On another front, the Commandery at Dünebroek was plundered by soldiers of the Black Guard. They went on to destroy Burmönken, Marienhafe, Leerhafe, and Rispel; Friedeburg surrendered. The castle at Altgödens was destroyed; Kniphausen Castle was captured. The Black Guard then attacked Oldersum. Their first attempt to capture the town, which was defended by Hicko of Oldersum and Ulrich of Dornum failed on 14 June 1514. A second attempt to capture the town failed on 16 August 1514.

=== 1515-1516 ===
In 1515, the tide turned in favor of Edzard I. He recaptured the castle at Großsander, while his liegeman Folef I of Inn- and Kniphausen managed to capture Fortress Gutzwarden in Butjadingen. Duke George of Saxony sold his governorship for 100 000 guilders to Duke Charles of Burgundy, who later became Emperor as Charles V. Nevertheless, the conflict continued until 1517. The sconce at Detern was lost in 1516.

=== 1517 ===
At the beginning of 1517, Edzard I managed to recapture Friedeburg castle. Charles V began his reign in the Netherlands. Charles V lifted the Imperial ban against Edzard and invested him with East Frisia, thereby ending the Saxon feud.

== Aftermath ==
Edzard was forced to vacate Groningen and to give up his expansionist plans. Domestically, he was busy trying to pacify the East Frisian chieftains. On 3 December 1517, Edzard concluded the Peace of Zetel with Duke Henry II of Brunswick-Wolfenbüttel and Count John V of Oldenburg, in which he ceded the "Frisian Forest" (Friesische Wehde, the area around Zetel, Driefel and Schweinebrück) to Oldenburg.

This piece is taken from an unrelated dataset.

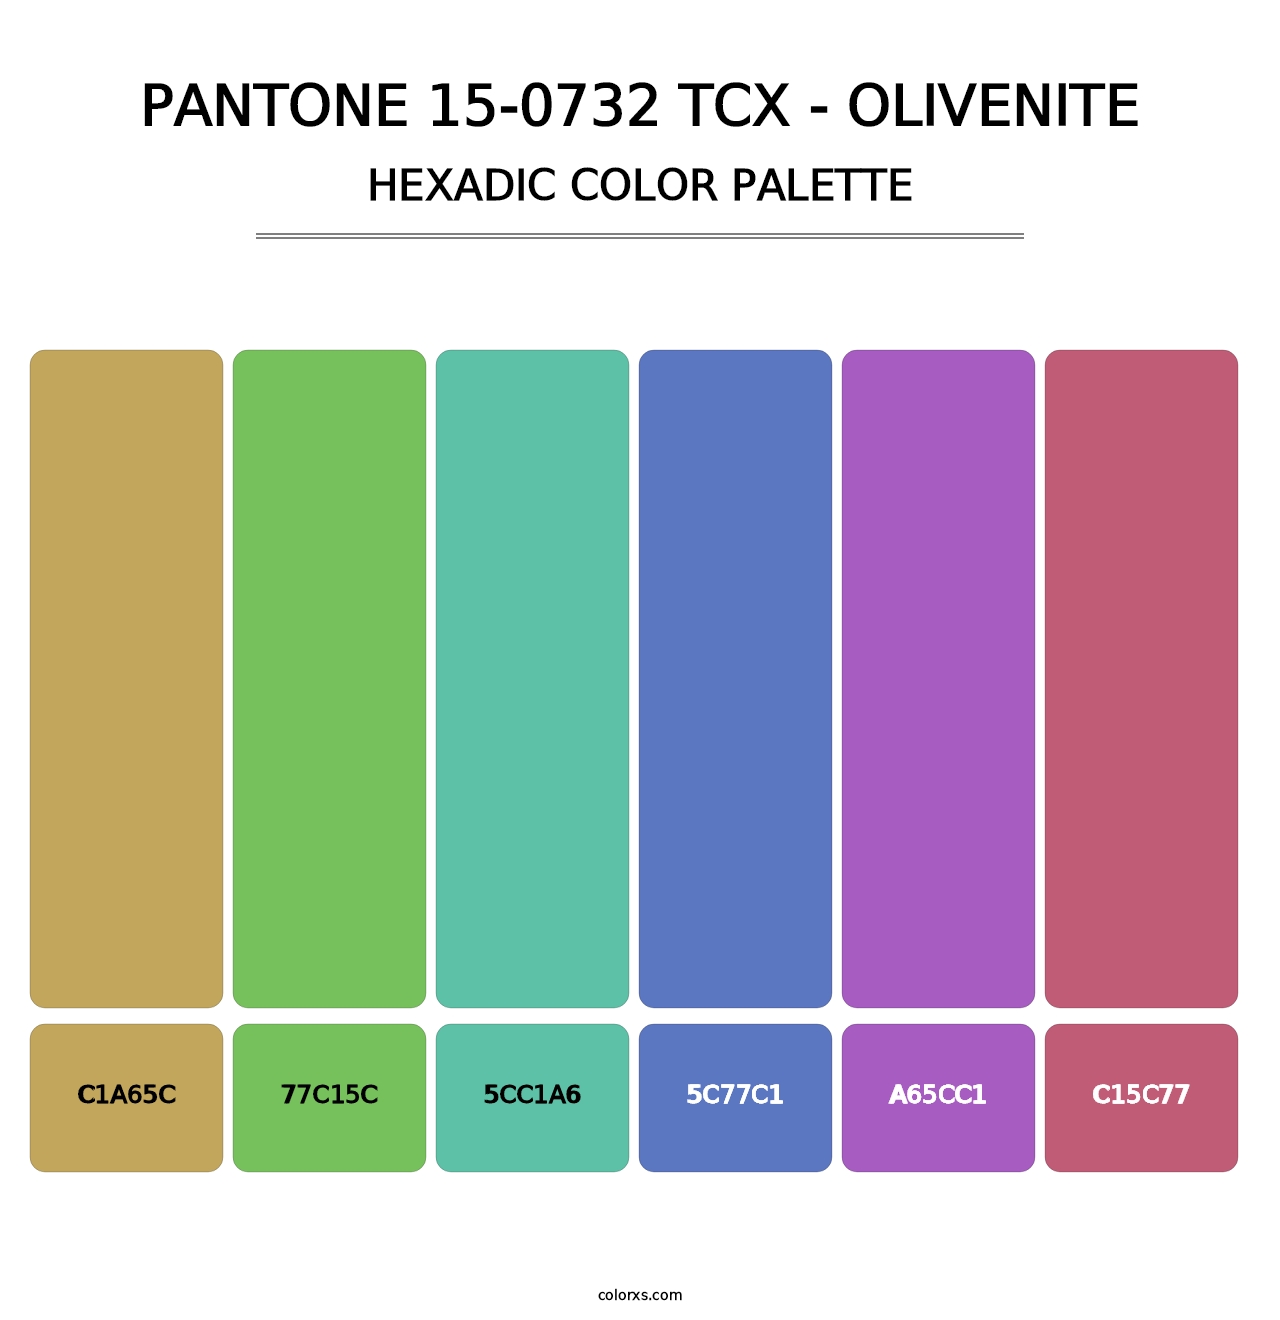 PANTONE 15-0732 TCX - Olivenite - Hexadic Color Palette
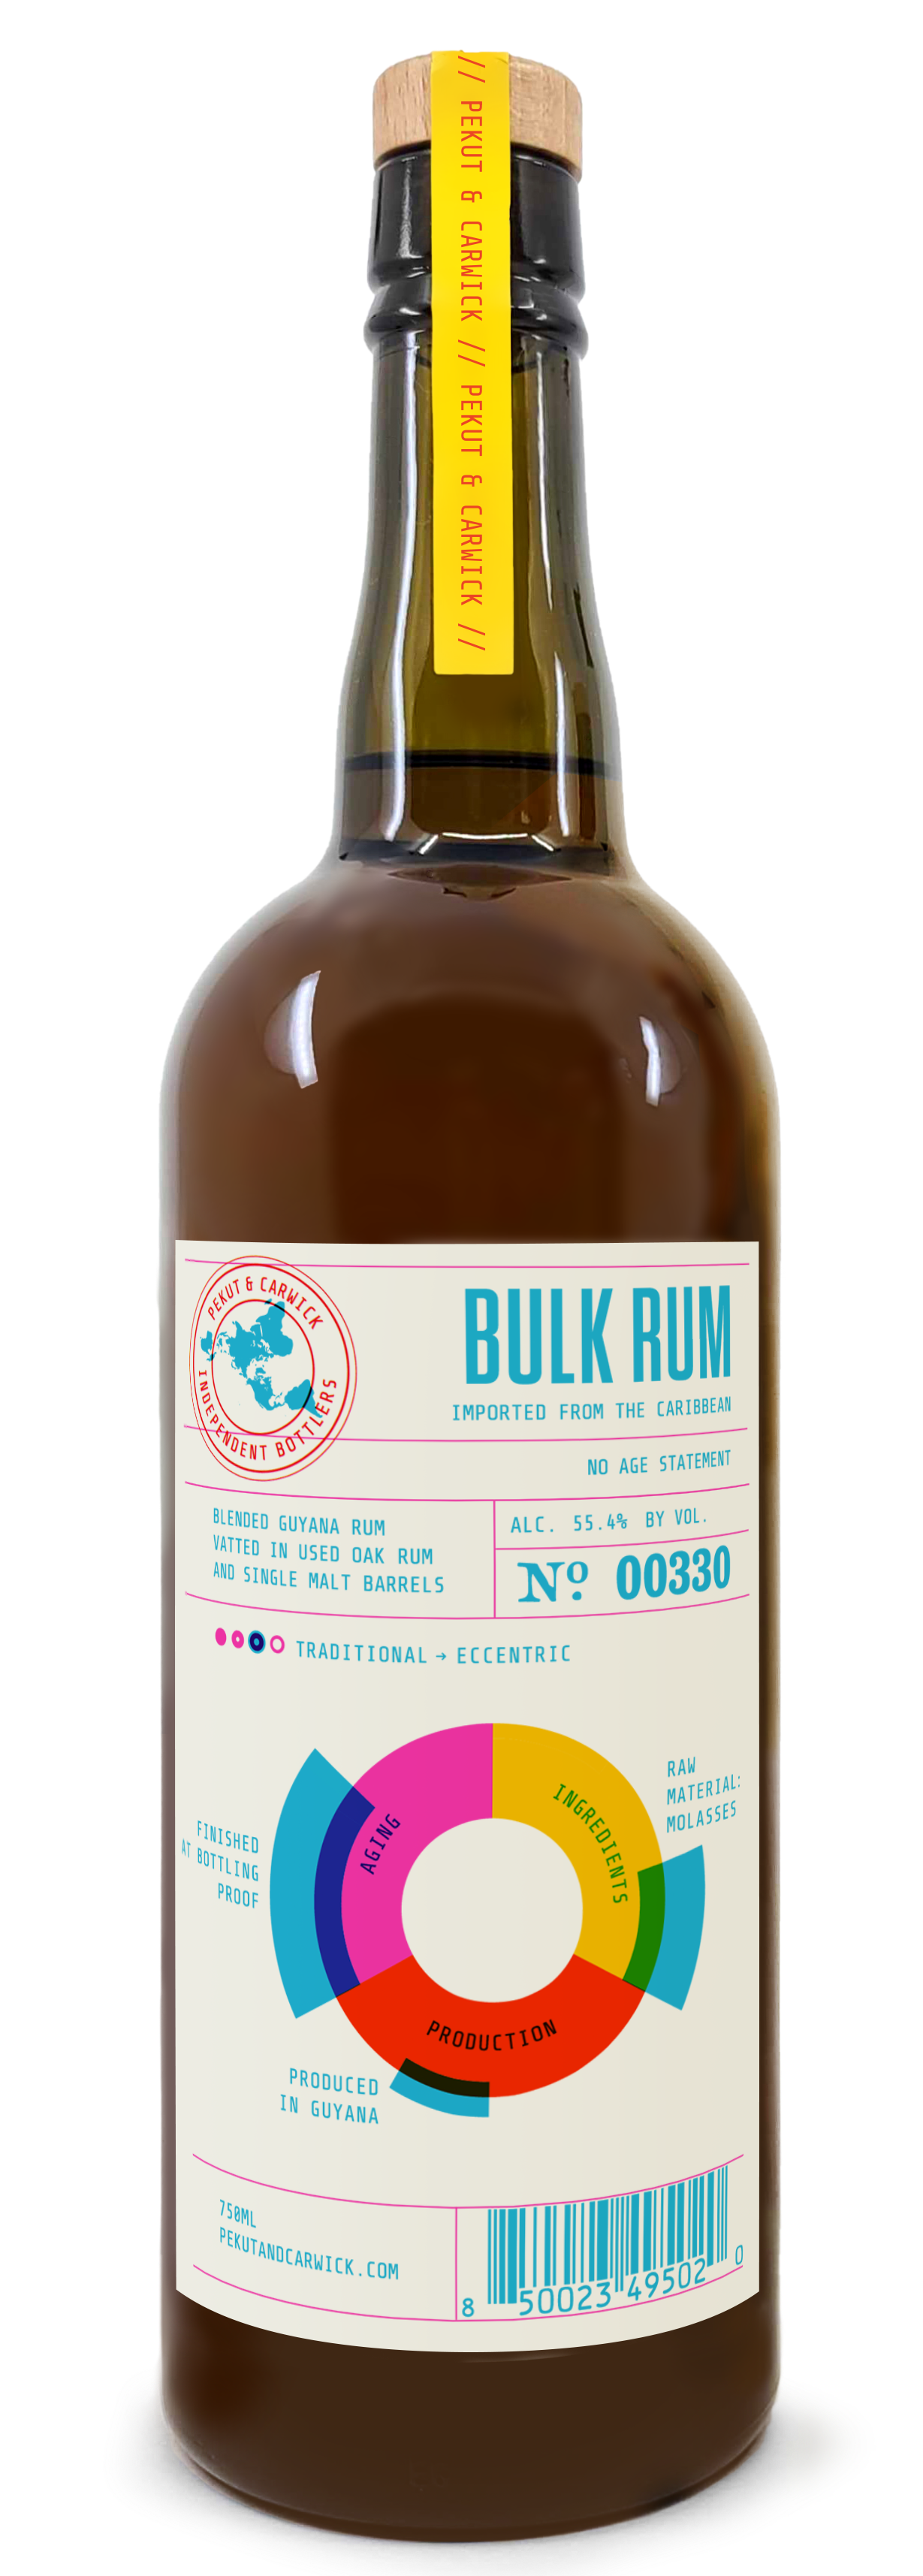 A bottle of Pekut and Carwick Bulk Rum from Guyana

It was also agreed that East Frisia would inherit Jever. That is, Edzard's son, Enno II would marry Maria, the daughter of the Edo, who was the last Lord of Jever. Edo had no male heir and it was agreed that Maria's husband would inherit Jever after Edo's death. Enno II, however, broke his promise and East Frisia lost Jever forever. Maria never married and ruled Jever until her death. In her will, she bequeathed Jever to Count John VII of Oldenburg.

The city of Aurich was completely destroyed during the turmoil of the Saxon feud. After 1517, the city was rebuilt according to a plan, which was based on the fact that Aurich was an important livestock market. The livestock market was moved from the castle square to a newly created market square, which was unusually large for a city of that size and is still the central square in the today's city center.

The conflict between Edzard and Hero Oomkens continued until Hero died in 1522. The emperor had invested Edzard with the Lordships of Esens, Stedesdorf and Wittmund and Edzard tried to subdue it. However, due to well-constructed fortifications at Wittmund and Esens, he met with limited success.